First, the name field holds a string pointer to a device name in the formats discussed previously. The name field can also be " " (four spaces), in which case the kernel automatically assigns an ethn name to it. This special feature should not be used. After Linux 2.0, we intend to add a simple support function of the form dev_make_name("eth") for this purpose.
The next block of parameters is used to maintain the location of a device within the device address spaces of the architecture. The irq field holds the interrupt (IRQ) the device is using, and is normally set at boot time or by the initialization function. If an interrupt is not used, not currently known or not assigned, the value zero should be used. The interrupt can be set in a variety of fashions. The auto-irq facilities of the kernel can be used to probe for the device interrupt, or the interrupt can be set when loading the network module.

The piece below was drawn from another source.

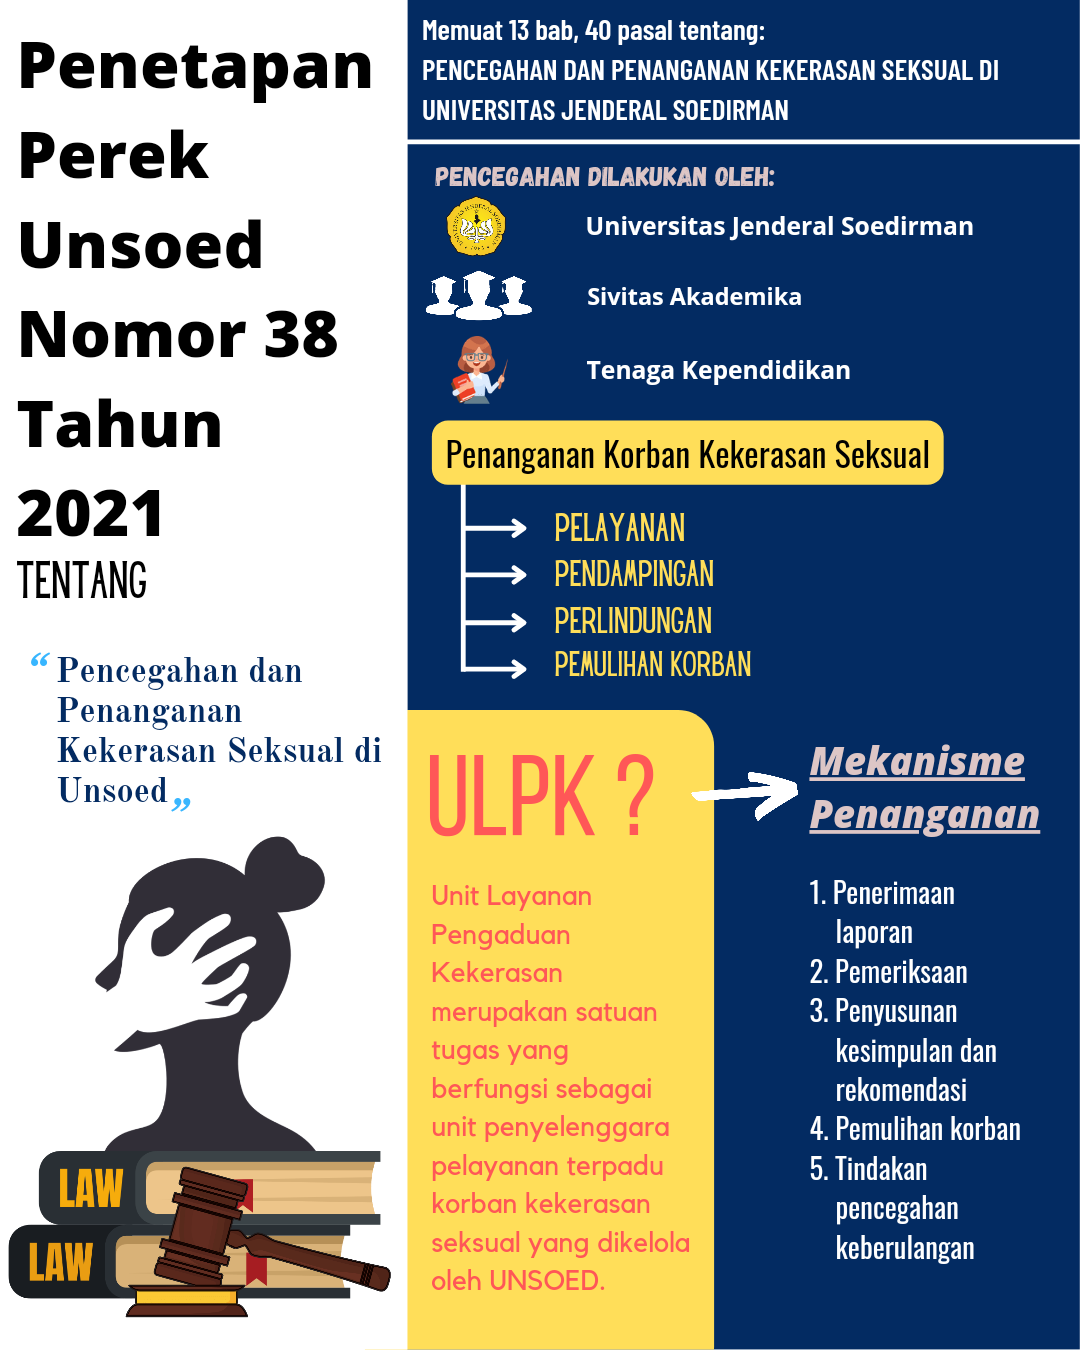 Penetapan Peraturan Rektor Unsoed No. 38 Tahun 2021 Tentang Pencegahan dan Penanganan Kekerasan Seksual di Unsoed

Network drivers normally use a global int called irq for this so that users can load the module with insmod mydevice irq=5 style commands. Finally, the IRQ field can be set dynamically using the ifconfig command, which causes a call to your device that will be discussed later on.
The base_addr field is the base I/O space address where the device resides. If the device uses no I/O locations or is running on a system without an I/O space concept, this field should be set to zero. When this address is user settable, it is normally set by a global variable called io. The interface I/O address can also be set with ifconfig.
Two hardware-shared memory ranges are defined for things like ISA bus shared memory Ethernet cards. For current purposes, the rmem_start and rmem_end fields are obsolete and should be loaded with 0. The mem_start and mem_end addresses should be loaded with the start and end of the shared memory block used by this device. If no shared memory block is used, then the value 0 should be stored. Those devices that allow the user to to set the memory base use a global variable called mem, and then set the mem_end address appropriately themselves.
The dma variable holds the DMA channel in use by the device. Linux allows DMA (like interrupts) to be automatically probed. If no DMA channel is used or the DMA channel is not yet set, the value 0 is used. This option may have to change, since the latest PC boards allow ISA bus DMA channel 0 to be used by hardware boards and do not just tie it to memory refresh. If the user can set the DMA channel, the global variable dma is used.
It is important to realise that the physical information is provided for control and user viewing (as well as the driver's internal functions), and does not register these areas to prevent them being reused. Thus, the device driver must also allocate and register the I/O, DMA and interrupt lines it wishes to use, using the same kernel functions as any other device driver. [See the recent Kernel Korner articles on writing a character device driver in issues 23, 24, 25, 26 and 28, or visit the new Linux Kernel Hackers' Guide at www.redhat.com:8080/HyperNews/get/khg.html, for more information on the necessary functions—ED]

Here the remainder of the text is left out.